**YOUR OBJECTIVE:** Without including any pictures, write out the listing below exactly.

**DATA EXTRACT:**
^^^^^^^^
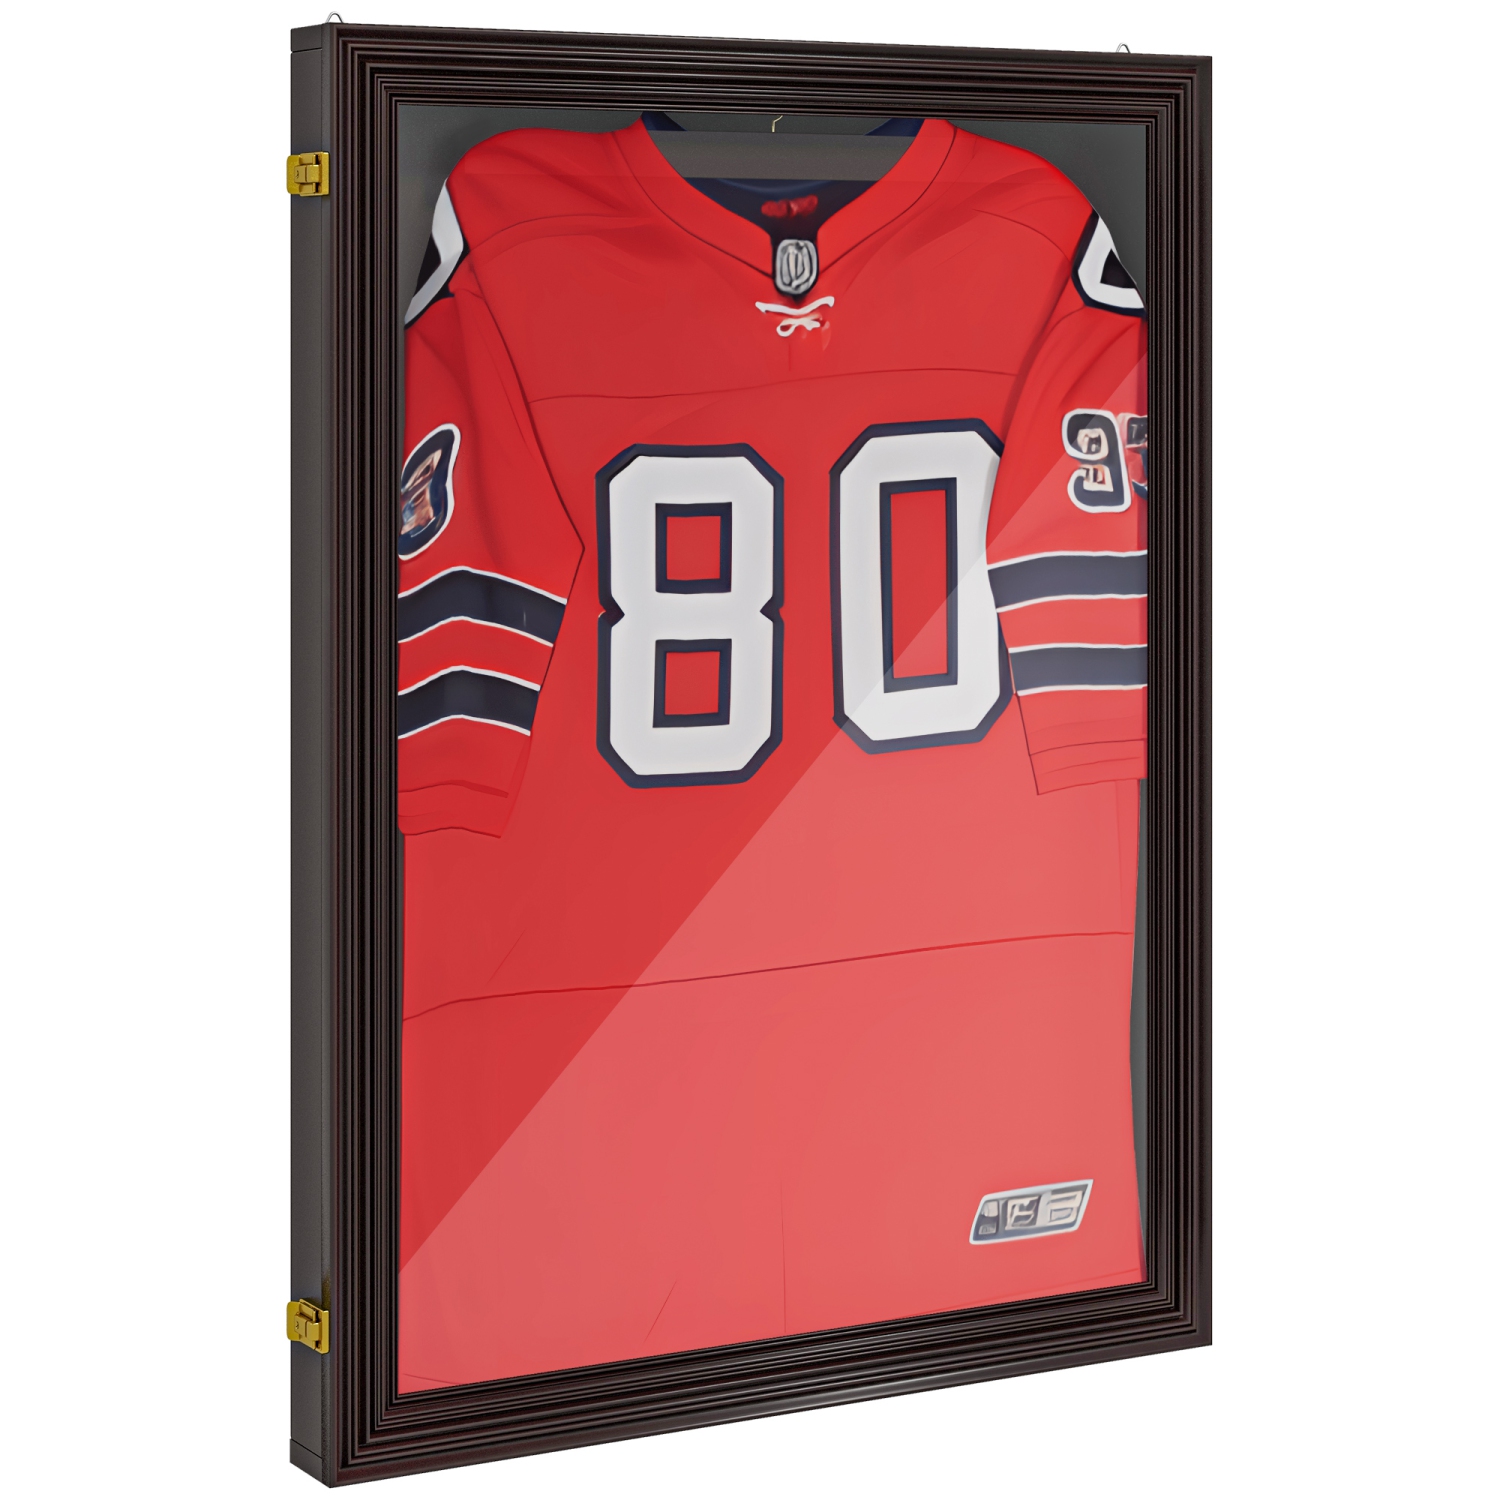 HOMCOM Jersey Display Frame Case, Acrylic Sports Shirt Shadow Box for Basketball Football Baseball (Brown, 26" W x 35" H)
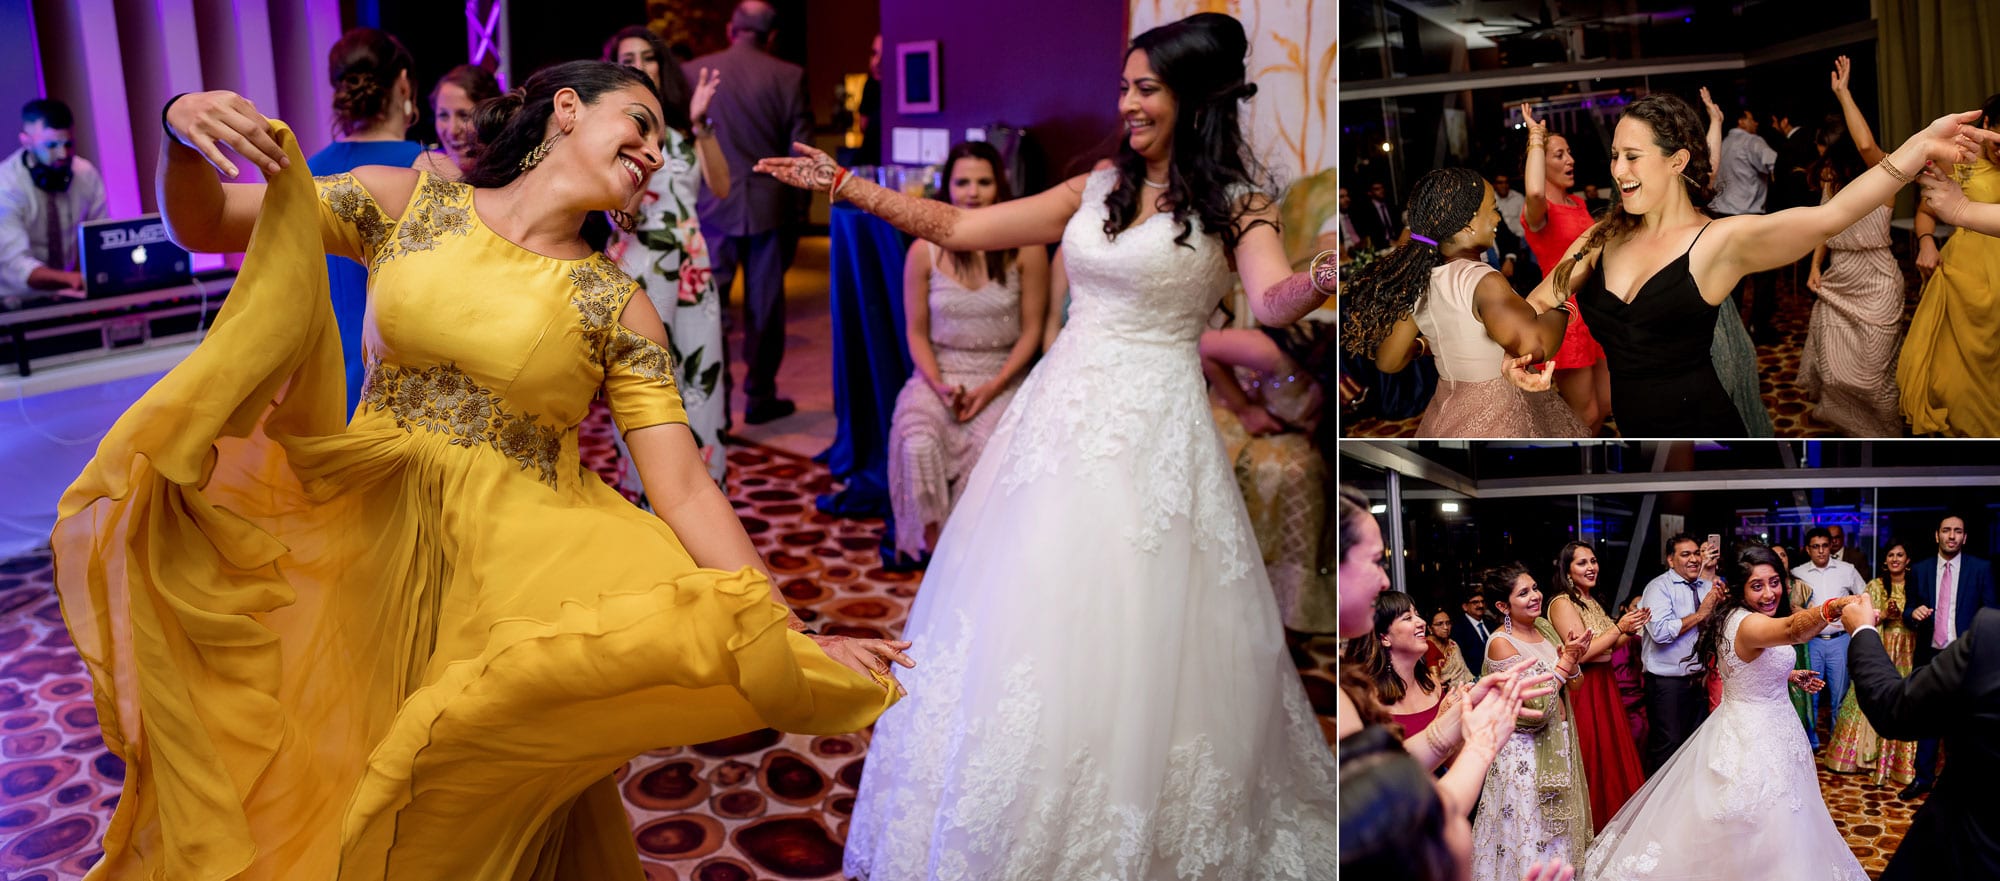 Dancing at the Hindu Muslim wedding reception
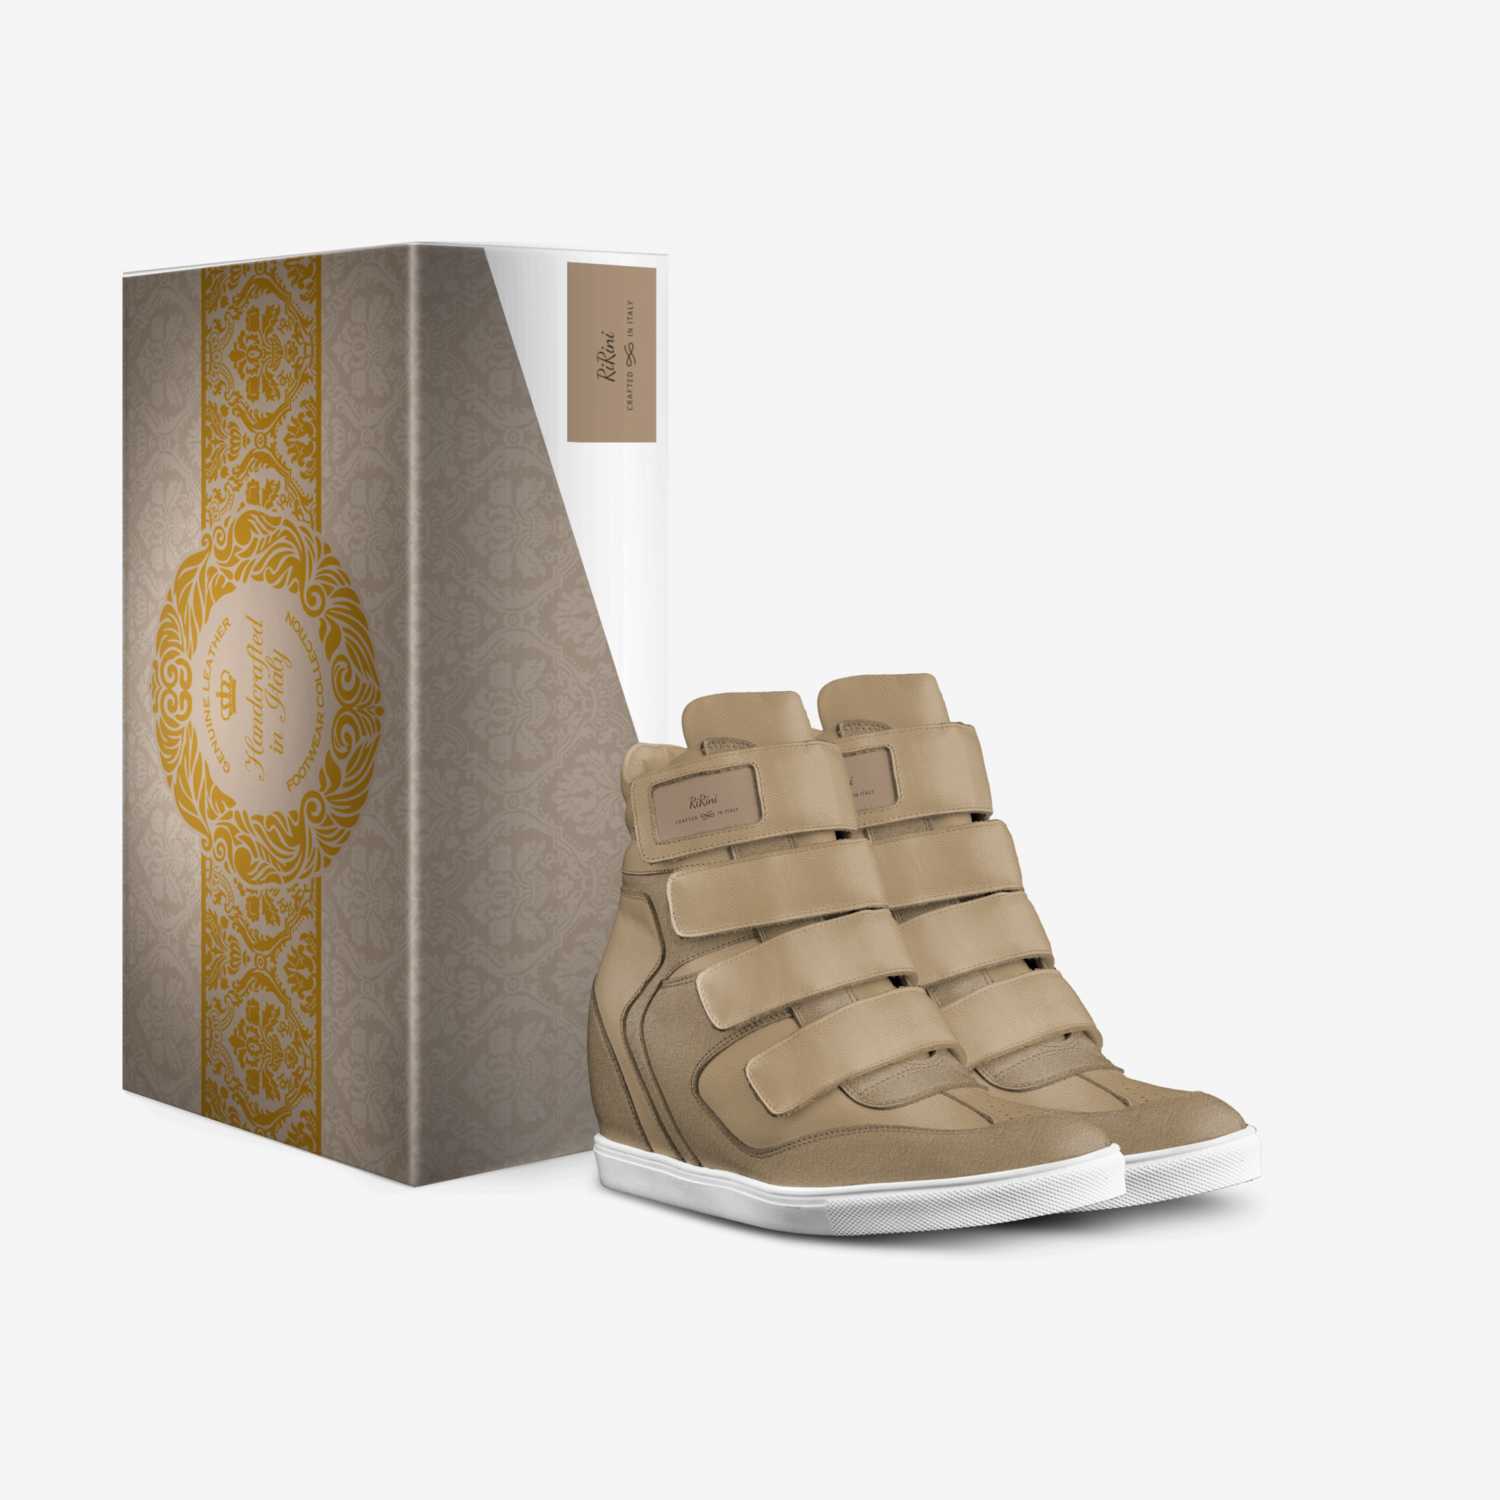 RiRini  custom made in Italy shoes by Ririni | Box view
^^^^^^^^
**SOLUTION:**
 HOMCOM Jersey Display Frame Case, Acrylic Sports Shirt Shadow Box for Basketball Football Baseball (Brown, 26" W x 35" H)
 Dancing at the Hindu Muslim wedding reception
 RiRini  custom made in Italy shoes by Ririni | Box view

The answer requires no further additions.